На другой половине сада носилась возбужденная жена Стефана Мария.
Прикладывая руку к глазам, она что-то высматривала внизу, там, где начинались городские улицы.
Я пришел домой, сел и занялся старыми книгами, которых здесь у отца было много. Особенно красивая книга называлась «Золотой век». В ней были иллюстрации, где щеголеватые дворяне с лентами и орденами на мундирах преклоняли колени пред толстой, осанистой женщиной в платье до самой земли, с короной в волосах. Это была Екатерина. Я стал читать. Роман был из времен Пугачева. Читалось легко. Пришла мама, стала о чем-то спрашивать, но я дошел до поединка, на котором предательски был убит молодой Голицын, и оторваться не мог, потому что вокруг сплошь отблескивали шпаги, слышался их звон, и молодой князь уже падал, пытаясь вырвать завязшую в груди сталь клинка.
Пришел отец. Я продолжал читать, но хоть одним ухом старался слушать, потому что отец всегда рассказывал о чем-нибудь интересном.
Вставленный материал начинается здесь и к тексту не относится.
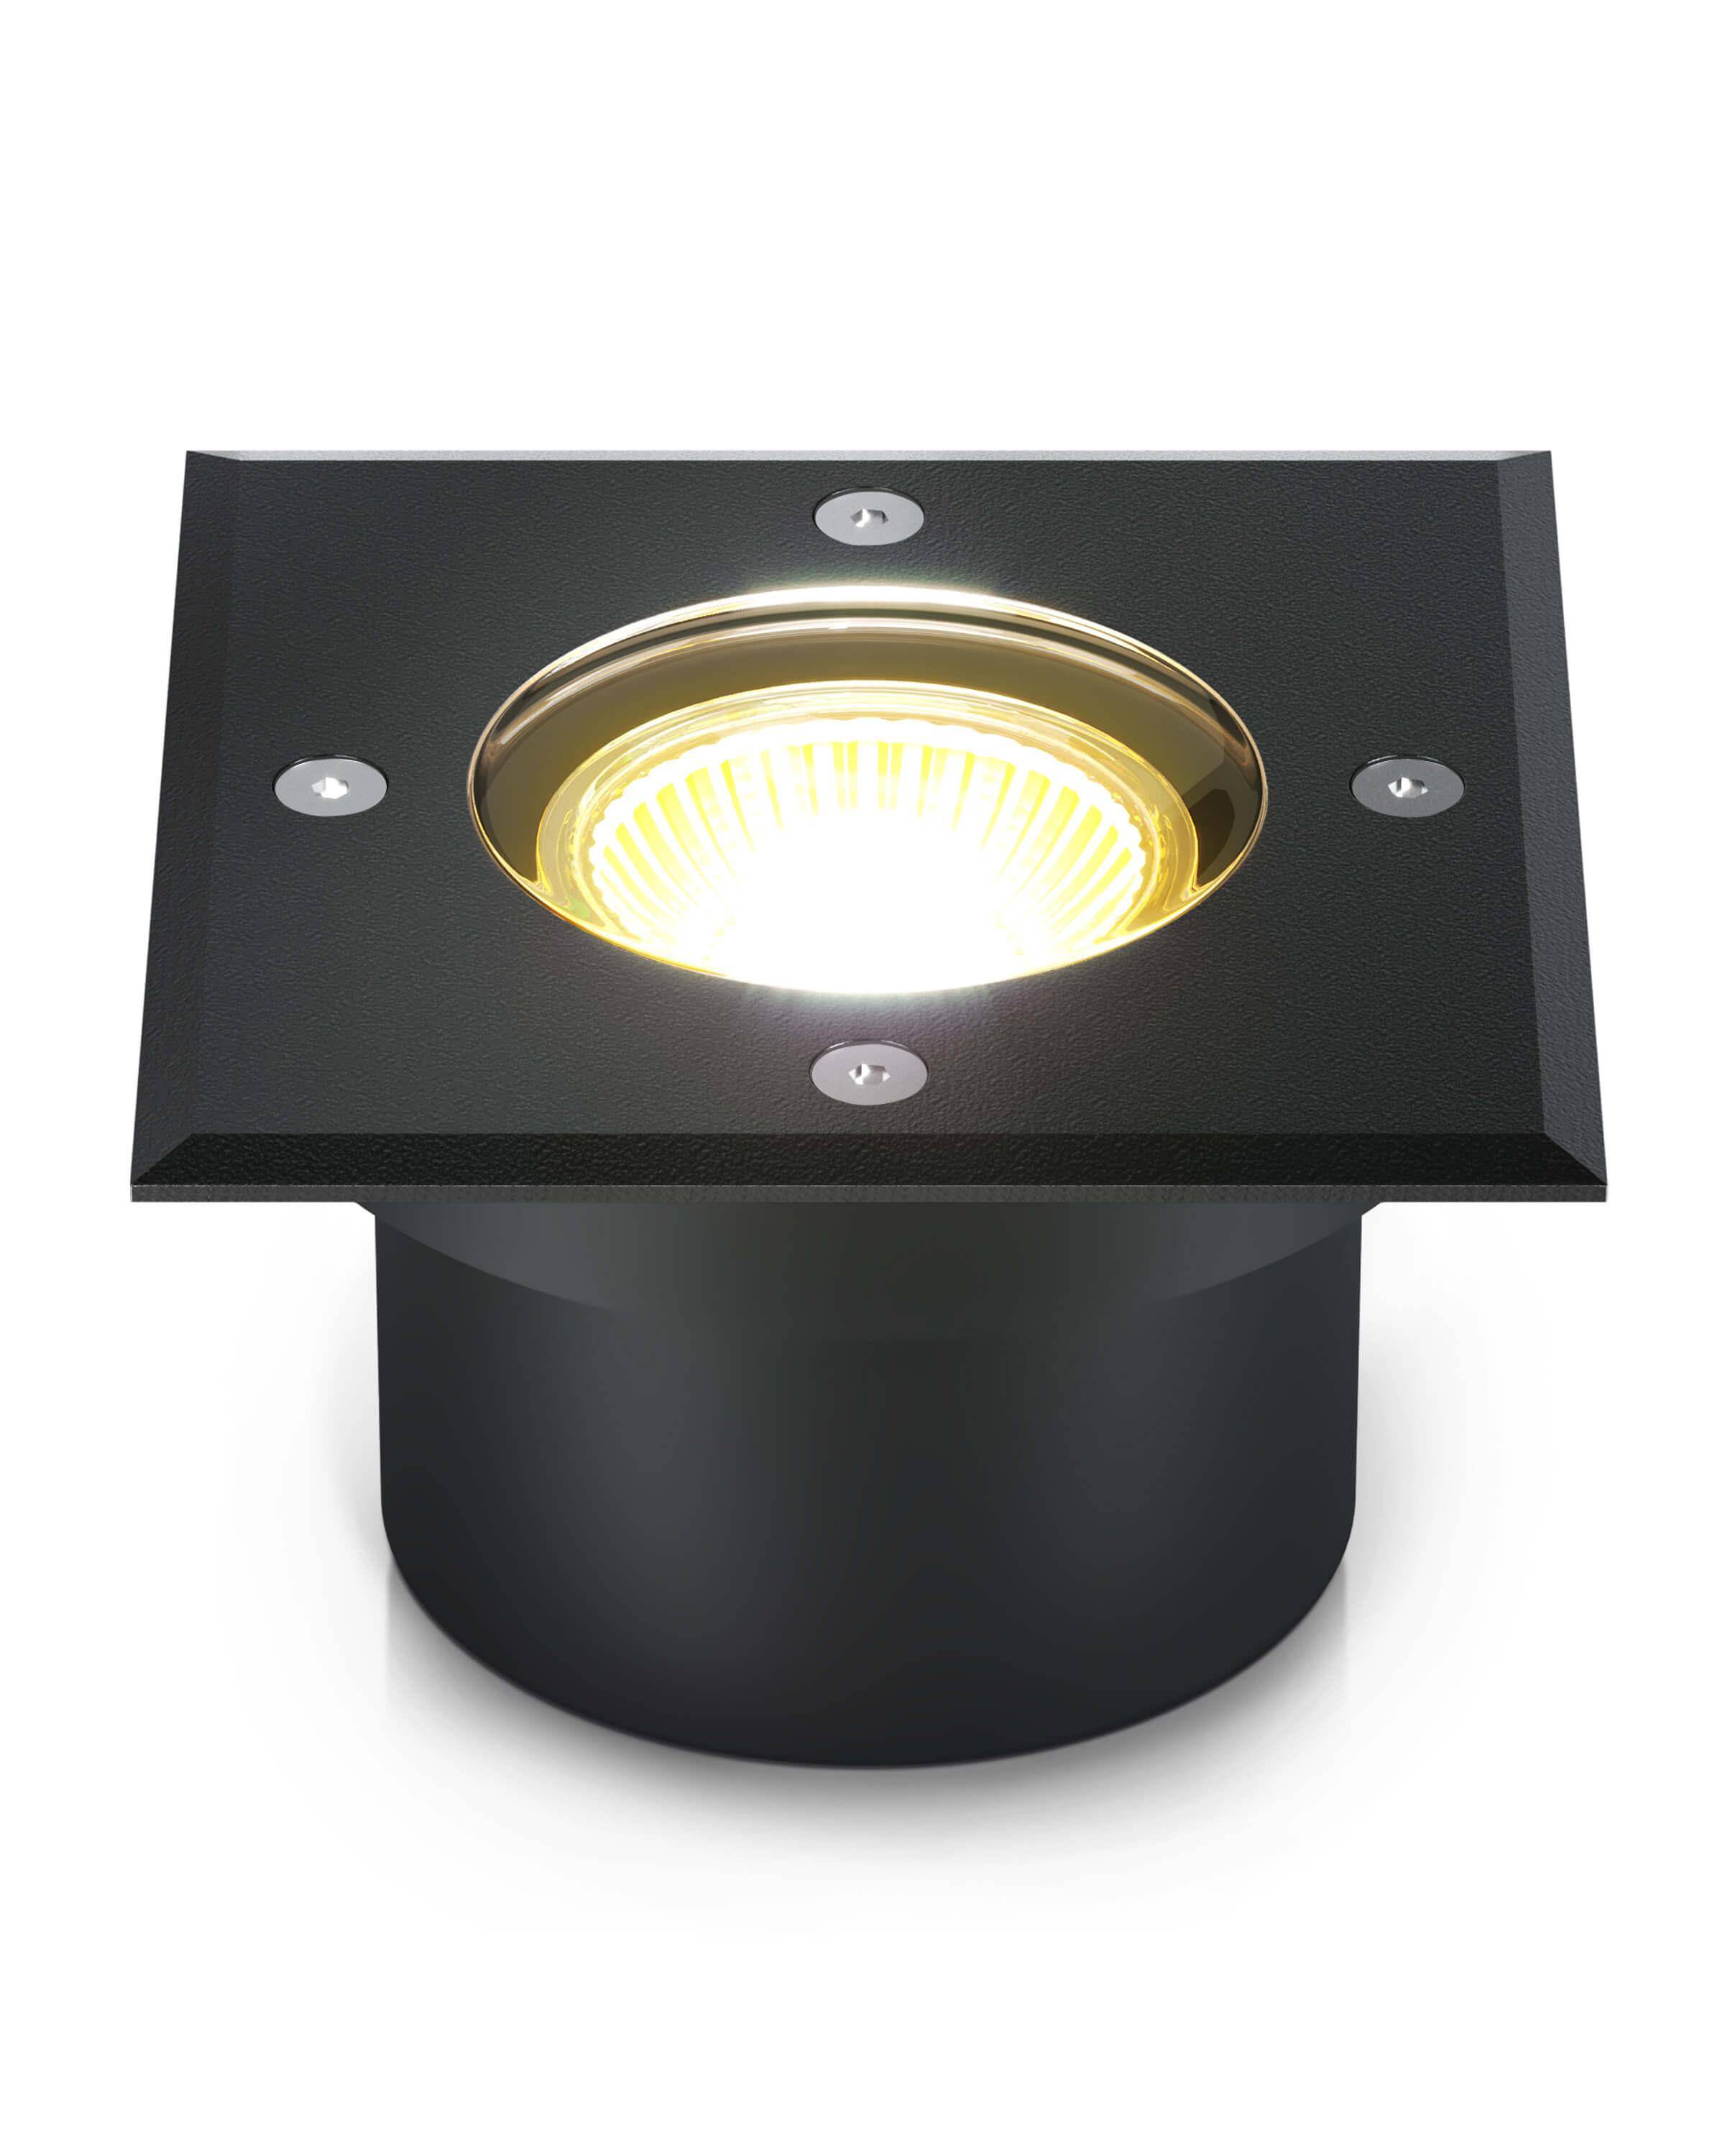 LED Bodenstrahler IP67 - flach, schwarz, eckig inkl. LED-Modul 230V 5W dimmbar

— Там во дворе, — отфыркиваясь и посмеиваясь, говорил он, моясь под умывальником, — эти «щирые» гуляют, а в саду идет скандал. Пришел Стефан под хмельком и пытается оправдаться перед Марией, а той Кшиська рассказала, что выследила Стефана с какой-то женщиной. Ну и девчонка! Маленький демон. Наш Толька, кажется, с ней подружился. По-моему, напрасно. Уж очень она мудра. Не по возрасту.
— Дитя войны, — сказала мать, вздохнув. — Сирота. Как ей быть другой?
— Все это верно, — сказал отец. — Только от нее лучше быть подальше.
— Ничего, — сказала мама, видимо поняв, что я слышу. — Он у нас взрослый мальчик, сам разберется.
Я читал книгу и мотал все это на ус. Так, значит, Стефан не отец Кшиськи. Тогда зачем она кинулась его выслеживать? Нет, чудная она все-таки.
Отец посмотрел, что я читаю, покачал головой.
— Пора тебе взяться за книги о нашем крае, — сказал он. — Что, к примеру, ты знаешь о городе, в котором живешь?
Знал я мало и прямо сказал об этом отцу. Тогда он стал рассказывать о том, как в давние времена сшибались здесь разноплеменные отряды, кипели жаркие битвы, и не было такого года, чтобы не скрещивались на этом «пятачке» земли сабли польских шляхтичей, украинских казаков, татарских наездников. О том, как полыхали здесь казацкие бунты и веками наслаивалась, подогревалась национальная рознь.
Зато в тридцать девятом в нашем городе то и дело вспыхивали забастовки и шли тогда в одних колоннах на демонстрациях против панской власти и украинцы, и поляки, и русские.
Мы бы еще долго так проговорили, но мать заставила сесть обедать.
За это время за окном начались песни. Сначала это были лирические, задумчивые песни степной Украины. В них были и стон, и жалоба, и надрыв, но была и бодрость, и энергия, и вера. Потом запели «Вие витер», потом «Заповит». Петь эти хлопцы умели. Высоко-высоко кружил тенор, к нему со всех сторон слетались подголоски, глухо и низко нажимали басы.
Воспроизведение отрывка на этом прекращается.